The pluses for Labour were a much better performance on interventions by John Healey; a sobering speech from Dan Jarvis; and a controlled and witty closing speech from Emily Thornberry.

The pluses for the Lib Dems were not very easy to spot. John Pugh did pretty good work.

There was a 3% swing of the votes (today was 231-284), which saw seven more with the Opposition and 21 less with the Coalition.

Labour's tactics have not changed: blame Lib Dems and associate the reforms personally with PM Cameron and his "broken promises".

Most Confused Speech Award went to Frank Dobson.

Beatles Reference Of The Day Award to Valerie Vaz for reciting, "You say yes, I say no, you say why, I say I don't know" from 'Hello, Goodbye'.

Crap Line Of The Day went to Andrew Lansley: "what happens in the NHS every day isn't about what's in the Health And Social Care Bill". Oh yes it will be, sunshine.

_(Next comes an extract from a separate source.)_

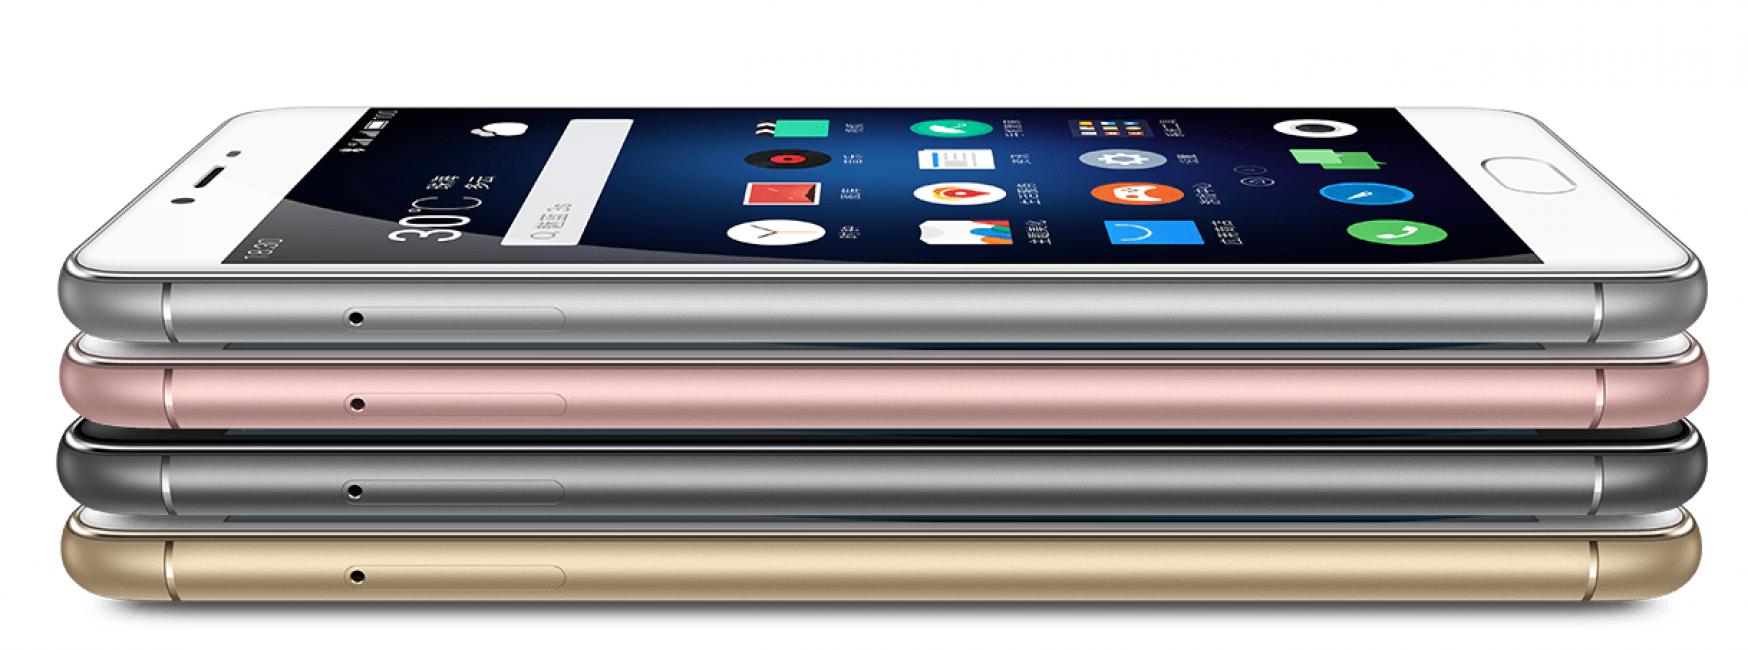 Рейтинг лучших смартфонов Meizu 2021 года

Second worst line also in Our Saviour And Liberator's reply to Ben Bradshaw's question about what happens where no consortia and no PCTs - L's line to effect of 'don't ask politicians to decide' (not verbatim).

And Graeme Morriss had a good rumour (even if it may be one he's made up) about DH considering stopping funding the public opinion surveys on NHS satisfaction from next year. It wouldn't be a huge surprise if true, though: as we exclusively revealed back in March, they have form when it comes to stopping funding crucial surveys.

The Hansard transcript is online now.